“¿Para qué me quiere viva?”: Una herencia e indemnización, quién es y qué se sabe del padre de Noelia Castillo

Metzli Escalante 26 marzo, 2026

Herencia, juicio y eutanasia: el papel del padre de Noelia Castillo Ramos, Gerónimo Castillo, que desató indignación

 ©Especial. - Noelia Castillo y Yolanda Ramos.

La historia de Noelia Castillo Ramos no solo es la de una decisión extrema. Es también la historia de una relación rota, de una disputa legal que llegó hasta Europa y de un padre que, hasta el final, intentó impedir su voluntad. El nombre de Gerónimo Castillo quedó expuesto en el centro de un caso que conmocionó a España: el de una joven de 25 años que pidió morir… mientras su padre intentaba para mantenerla con vida.

Un padre en contra: el origen del conflicto

Durante más de dos años, Gerónimo Castillo encabezó una batalla judicial para frenar la eutanasia de su hija. Lo hizo respaldado por la organización Abogados Cristianos, que presentó múltiples recursos ante distintas instancias.
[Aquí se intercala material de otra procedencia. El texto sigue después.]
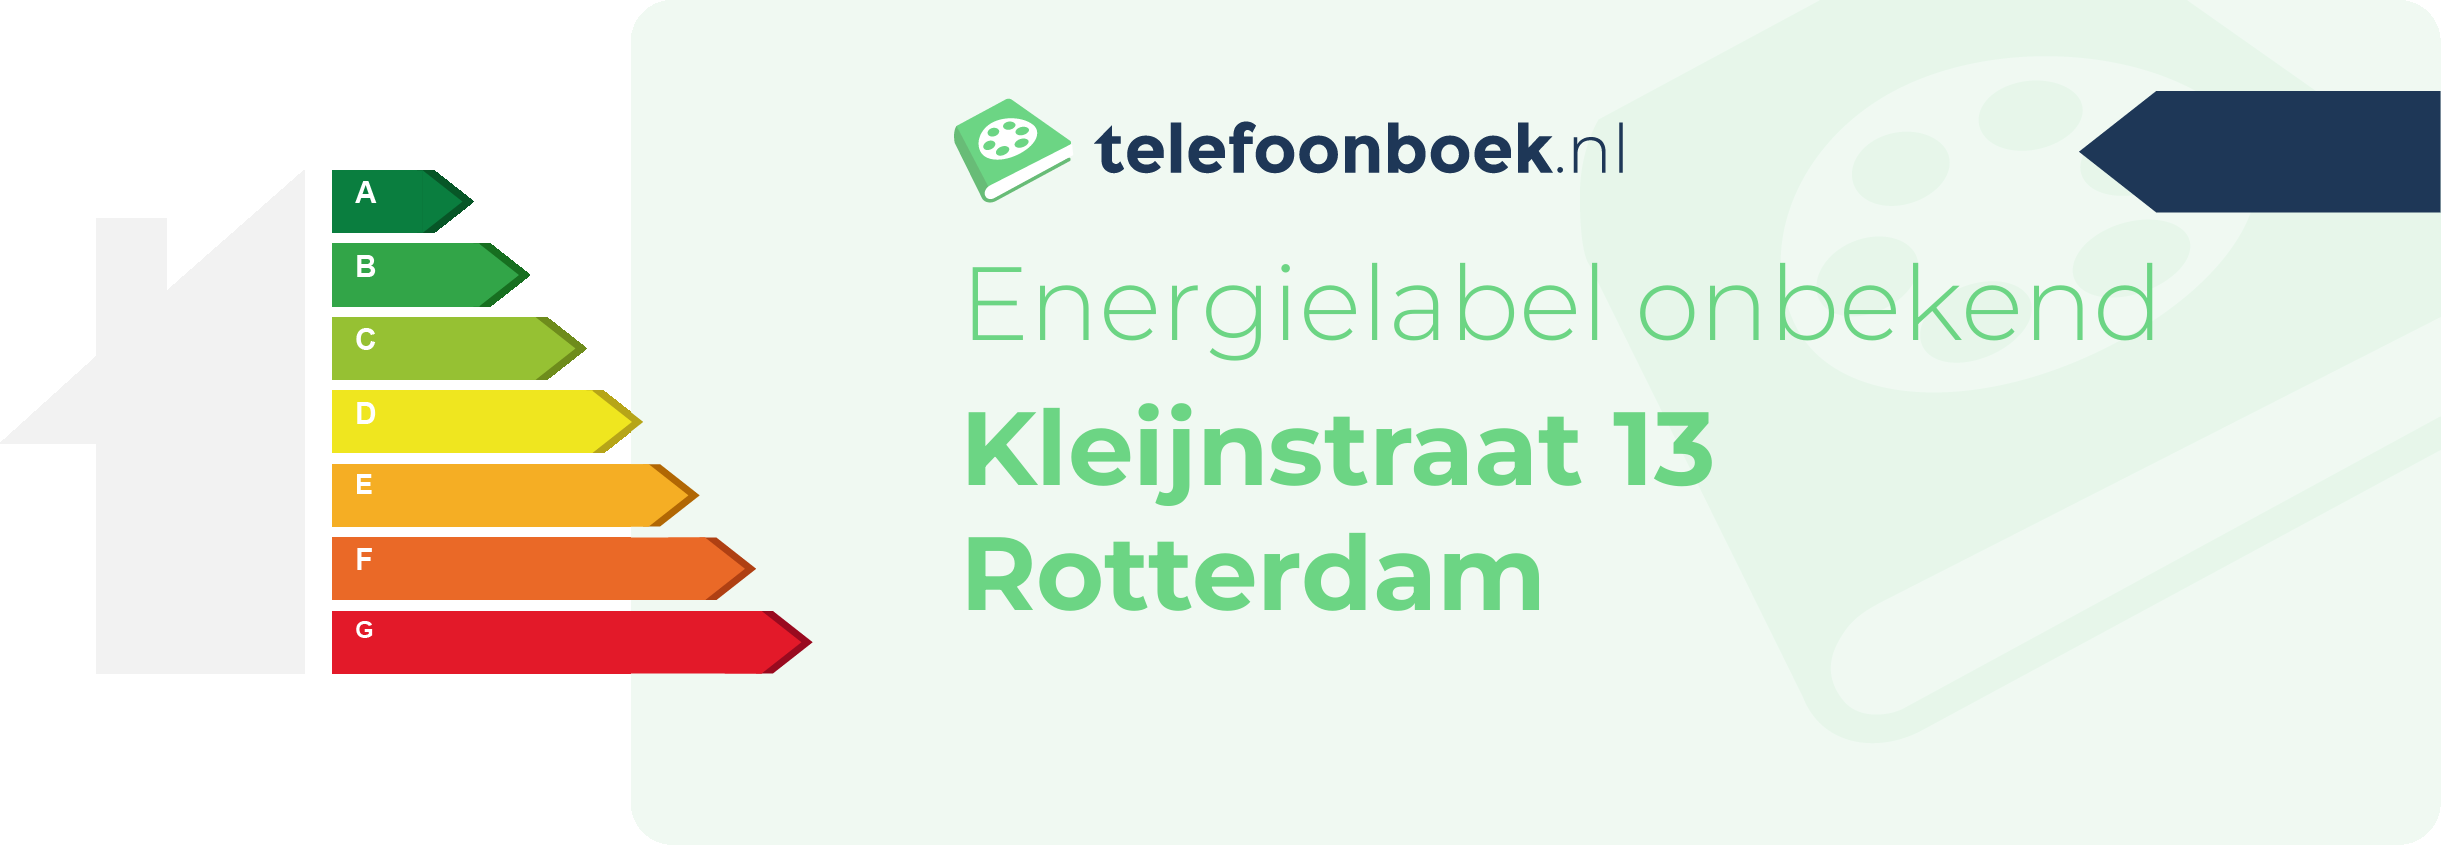 Energielabel Kleijnstraat 13 Rotterdam

El argumento fue constante: Noelia no estaba en condiciones de tomar una decisión libre. Según su padre, debía recibir tratamiento psiquiátrico antes de acceder a un procedimiento irreversible.

El caso escaló hasta el Tribunal Europeo de Derechos Humanos, donde se presentó el último intento por detener la eutanasia. Todos los fallos fueron en contra.

Una relación marcada por la distancia

Pero el conflicto no comenzó en los tribunales.

Según el propio testimonio de Noelia, la relación con su padre era prácticamente inexistente. No había llamadas, mensajes ni visitas constantes. El vínculo, dijo, estaba marcado por la ausencia.

“Tiene coche y moto, pero viene cada tanto”, relató en una entrevista.

La joven aseguró que era ella quien intentaba mantener el contacto. Él, en cambio, permanecía distante. Esa distancia se convirtió en una de las heridas más profundas.

“¿Para qué me quiere viva?”: la frase que lo resume todo

En medio del proceso, Noelia lanzó una pregunta que se volvió símbolo del caso:

“¿Para qué me quiere viva, para tenerme en un hospital?”.
Noelia Castillo.

La frase no solo reflejaba su decisión de morir. Exponía una sensación de abandono emocional que, según ella, llevaba años acumulándose.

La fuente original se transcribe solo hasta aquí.